▶ [HOW TO COMPLETE THIS TASK] Leaving the pictures aside, restate all of the data exactly.

▶ [MATERIAL PROVIDED]
━━━━━━━━━━━━━━━━━━━━

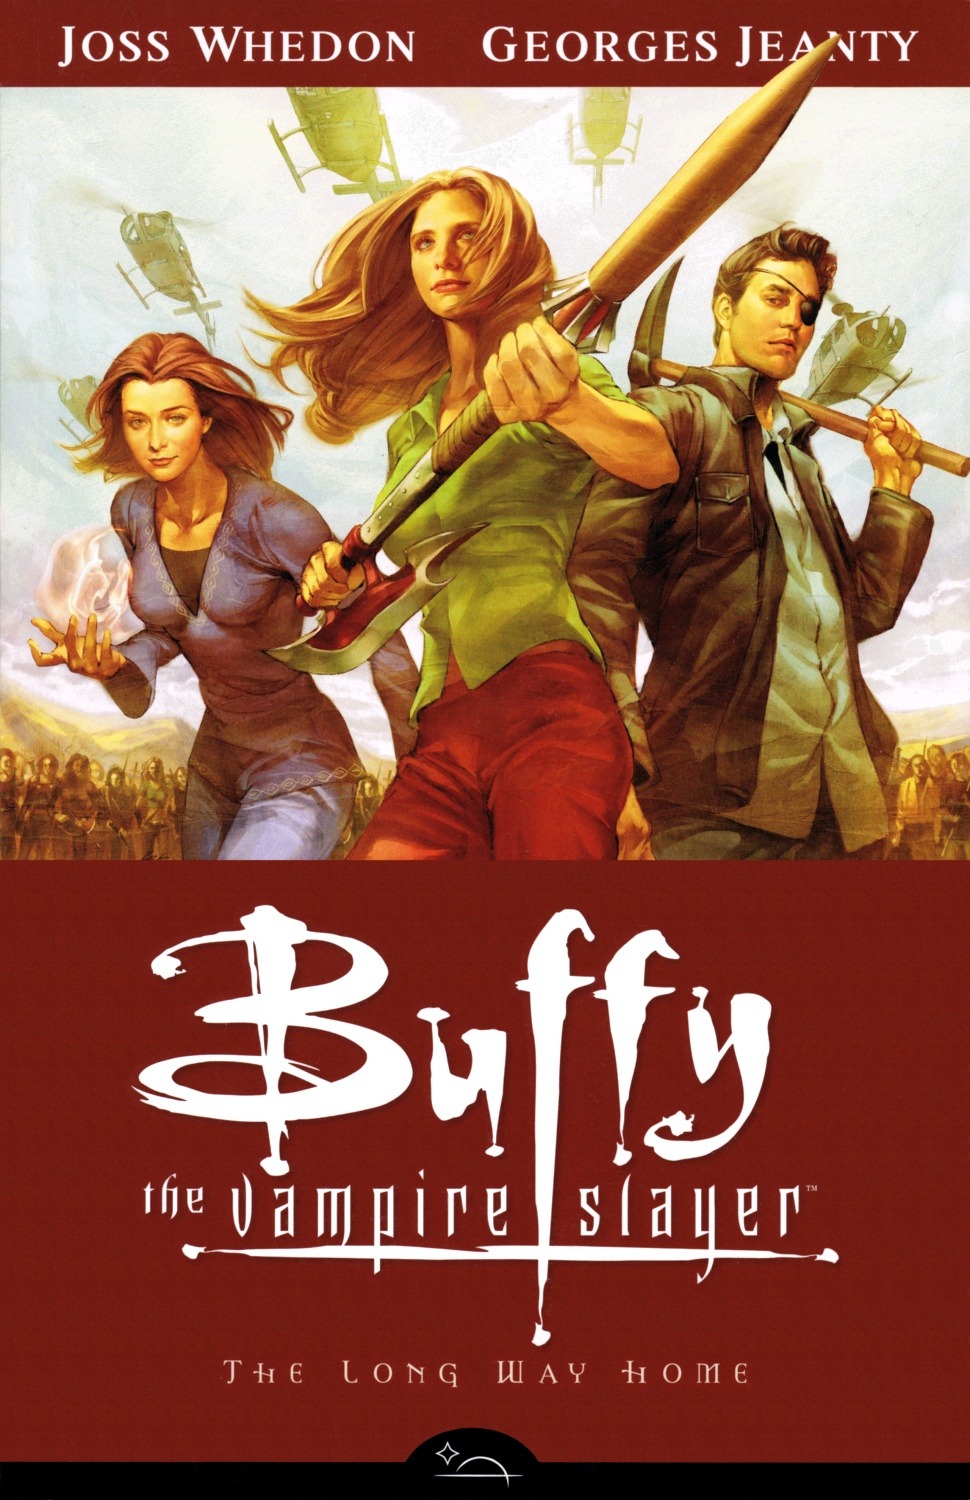 Started and finished #reading Buffy the Vampire Slayer: The Long Way Home, by Joss Whedon and Georges Jeanty. The first of the Season 8 continuation comics, picking up the story from where the TV show left off.
Fun, though not a patch on the TV show....
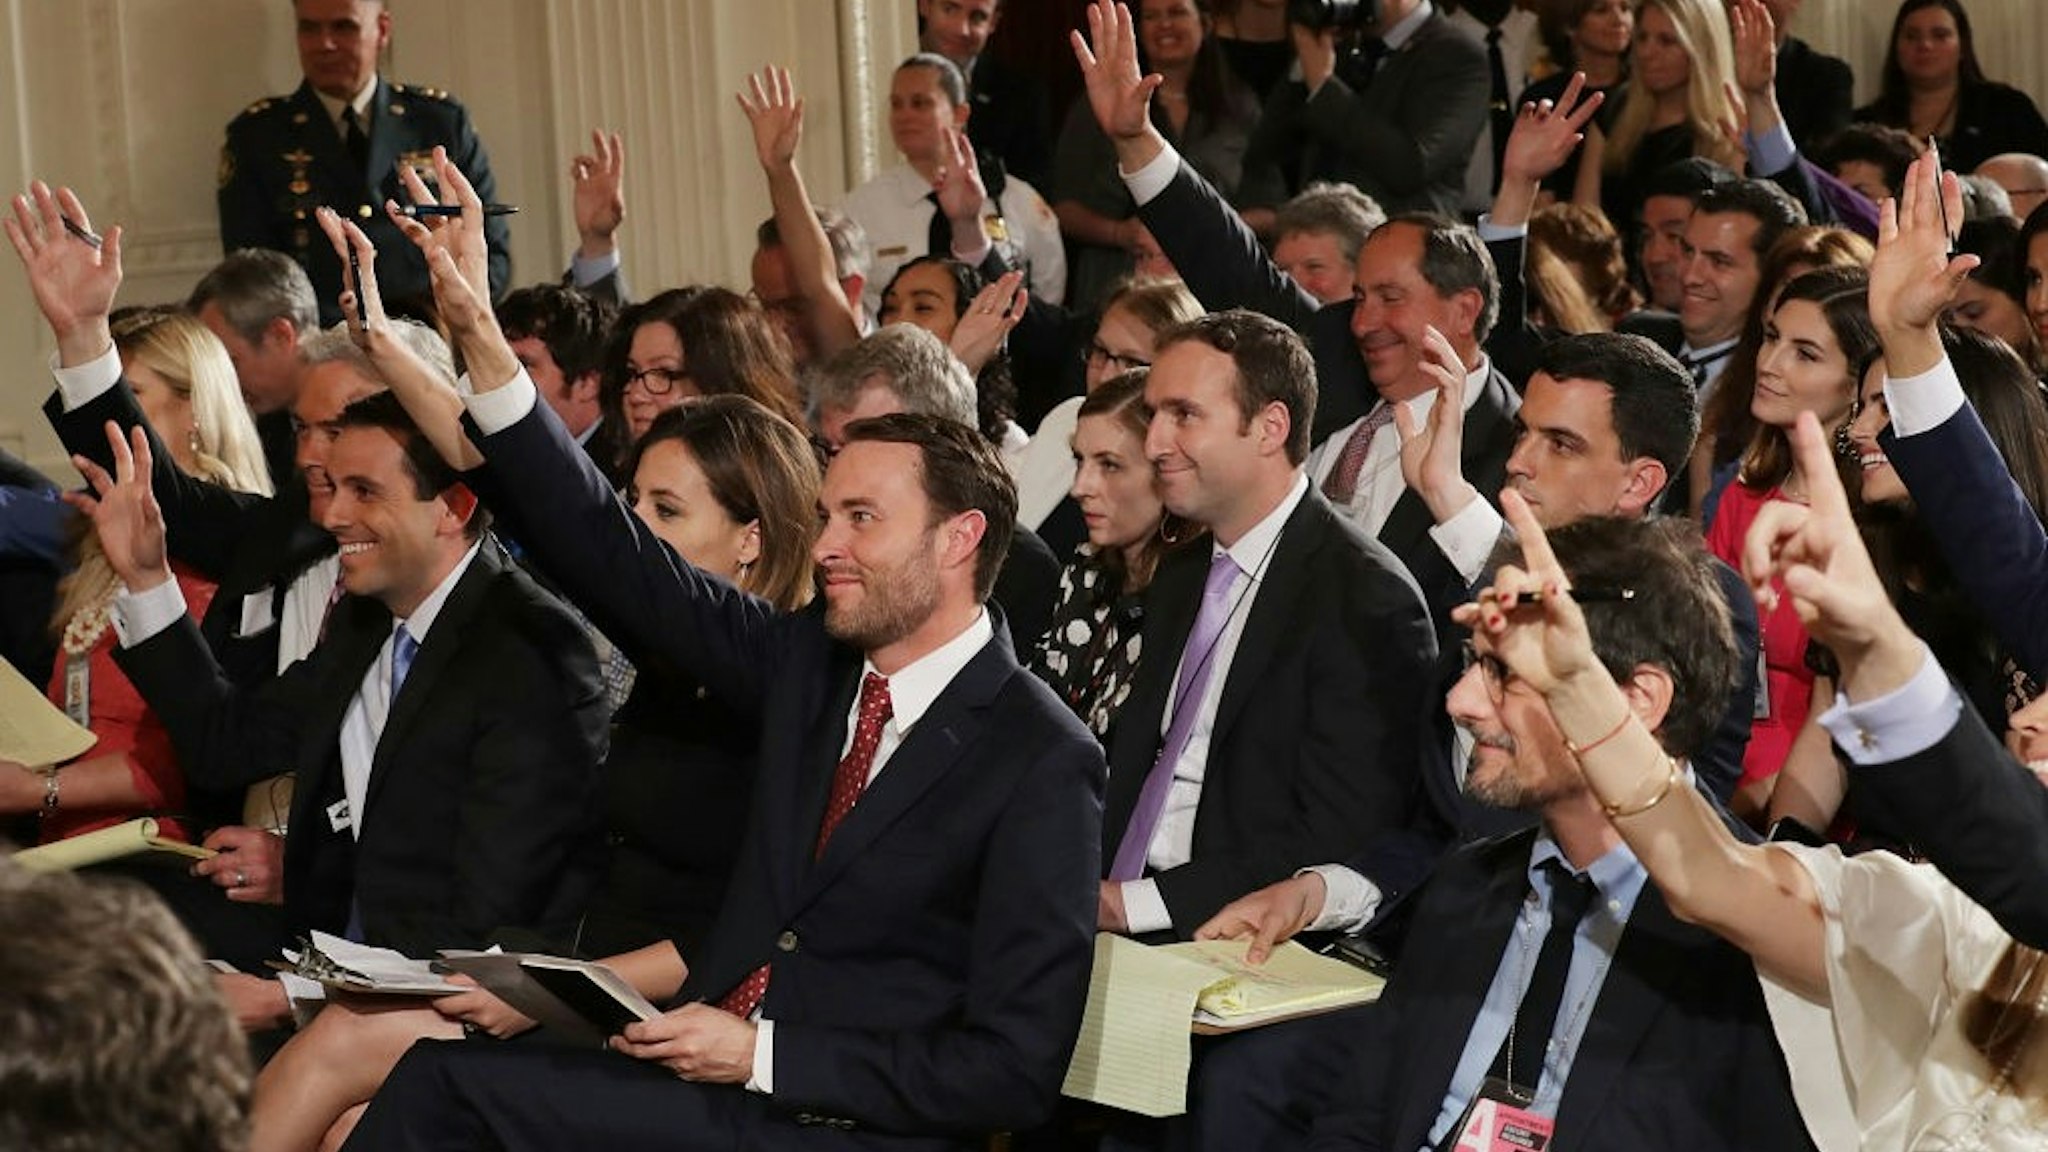 WASHINGTON, DC - MAY 18: Reporters raise their hands to ask questions during a news conference with Colombian President Juan Manuel Santos and U.S. President Donald Trump in the East Room of the White House May 18, 2017 in Washington, DC. The Trump administration has said it wants to slash foreign aide and Santos will most likely seek a renewal of $450 million dollars from the U.S. that supports the peace accord between the Columbian government at the Revolutionary Armed Forces (FARC). (Photo by

━━━━━━━━━━━━━━━━━━━━

▶ [ANSWER]
 Started and finished #reading Buffy the Vampire Slayer: The Long Way Home, by Joss Whedon and Georges Jeanty. The first of the Season 8 continuation comics, picking up the story from where the TV show left off.
Fun, though not a patch on the TV show....
 WASHINGTON, DC - MAY 18: Reporters raise their hands to ask questions during a news conference with Colombian President Juan Manuel Santos and U.S. President Donald Trump in the East Room of the White House May 18, 2017 in Washington, DC. The Trump administration has said it wants to slash foreign aide and Santos will most likely seek a renewal of $450 million dollars from the U.S. that supports the peace accord between the Columbian government at the Revolutionary Armed Forces (FARC). (Photo by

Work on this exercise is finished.